Fibonacci Numbers
Overview
Use in Trading
ABC's
Confluence
Trading Strategies
Links (Elliot Wave Tutorials)
Overview
Fibonacci numbers are the result of work by Leonardo Fibonacci
in the early 1200's while studying the Great Pyramid of Gizeh.
The fibonacci series is a numerical sequence comprised of adding
the previous numbers together, i.e.,
(1,2,3,5,8,13,21,34,55,89,144,233 etc..)
An interesting property of these numbers is that as the series
proceeds, any given number is 1.618 times the preceding number
and 0.618% of the next number.
(34/55 = 55/89 = 144/233 =0.618) (55/34 =89/55 =233/144 =1.618),
and 1.618 =1/0.618.
This properties of the fibonacci series occur throughout nature,
science and math and is the number 0.618 is often referred to as
the "golden ratio" as it is the root of the following polynomial
x^2+x-1=0 which can be rearranged to x= 1/(1+x).
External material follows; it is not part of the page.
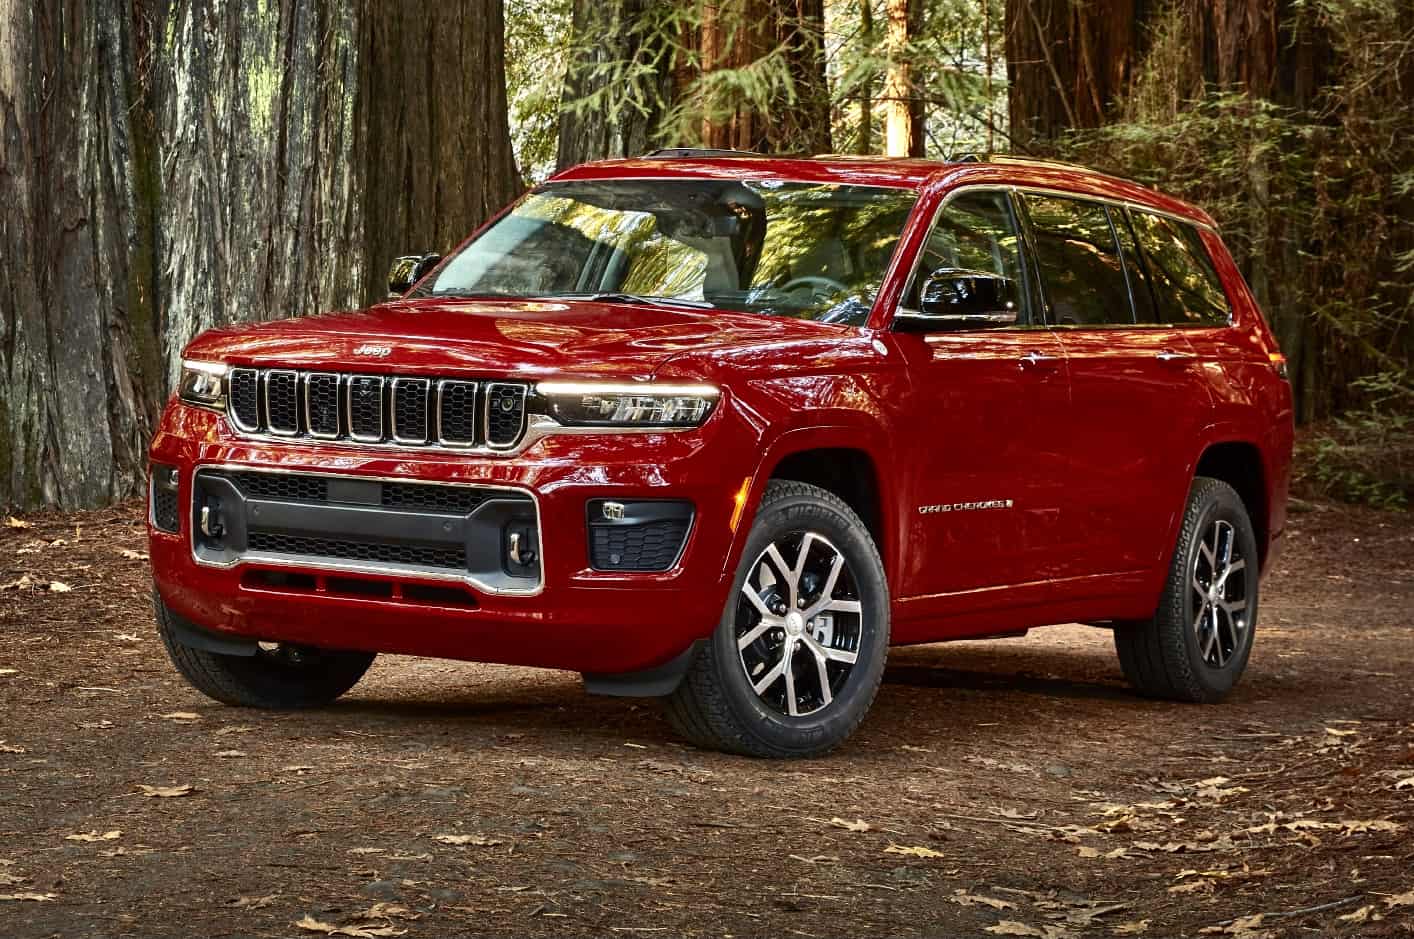 Jeep launches nextgeneration Grand Cherokee
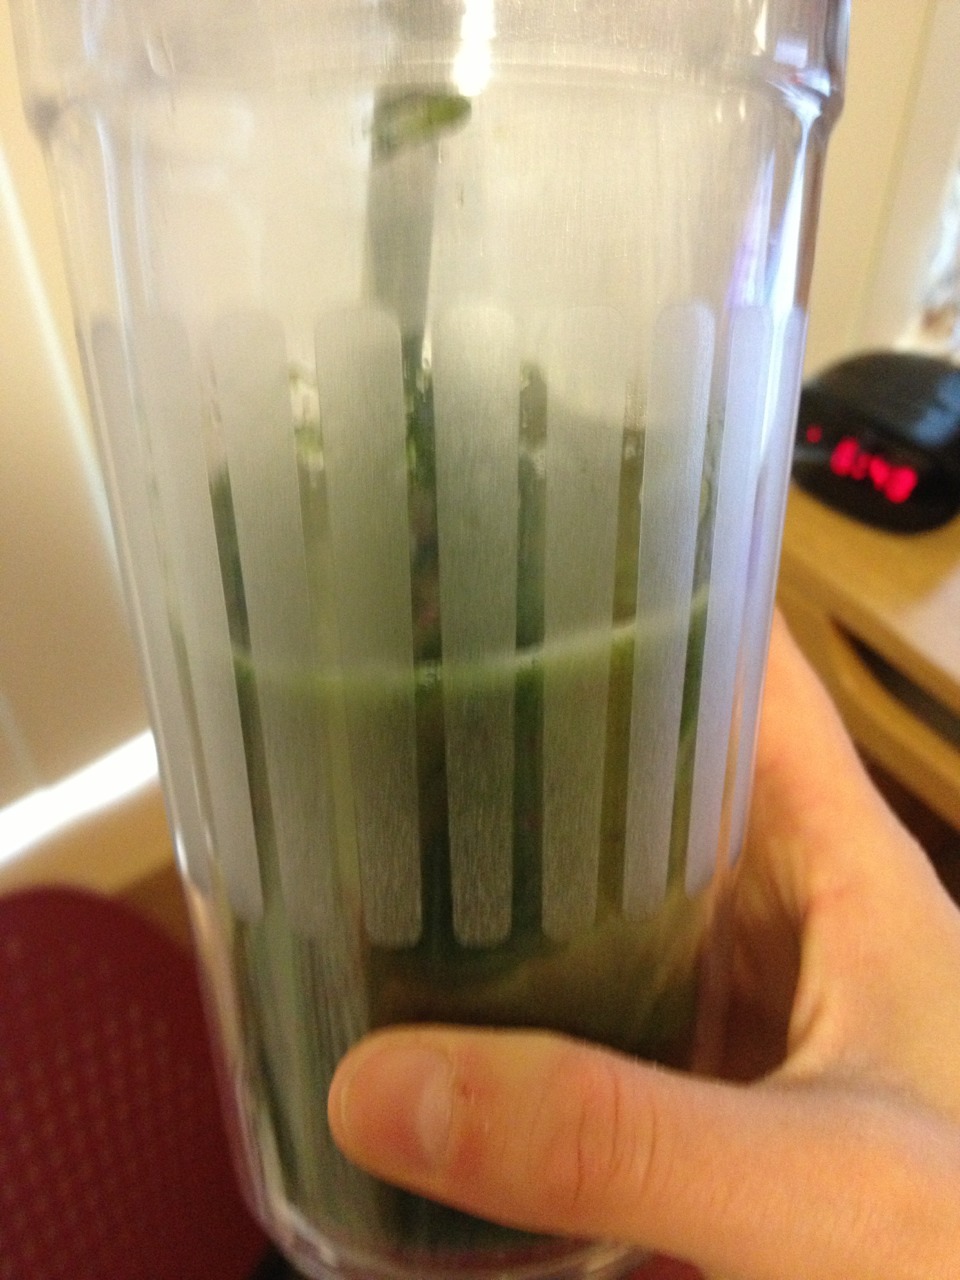 Switching up the breakfast. Kale, apple, banana, and EnergyBits (spirulina).

So that's were the fib # 0.618 comes from. The other fibs 0.382
and 0.5 commonly used in technical analysis have a less
impressive background but are just as powerful in Technical
analysis.
0.382=(1-.618)=(0.618*0.618)
and 0.5 is the mean of the two numbers.
Other neat fib facts (0.618*(1+0.618)=1 and
(0.382*(1+.618))=0.618.
Use of Fibonacci #'s in Technical Analysis
Fibonacci numbers are commonly used in Technical Analysis with
or without a knowledge of Elliot wave analysis
to determine potential support, resistance, and price
objectives. 38.2% retracements usually imply that the prior
trend will continue, 61.8% retracements imply a new trend is
establishing itself. A 50% retracement implies indecision. 38.2%
retracements are considered nautral retracements in a healthy
trend.
ABC's
Price objectives for a natural retracement (38.2%) can be
determined by adding (or subtracting in a downtrend) the
magnitude of the previous trend to the 38.2% retracement.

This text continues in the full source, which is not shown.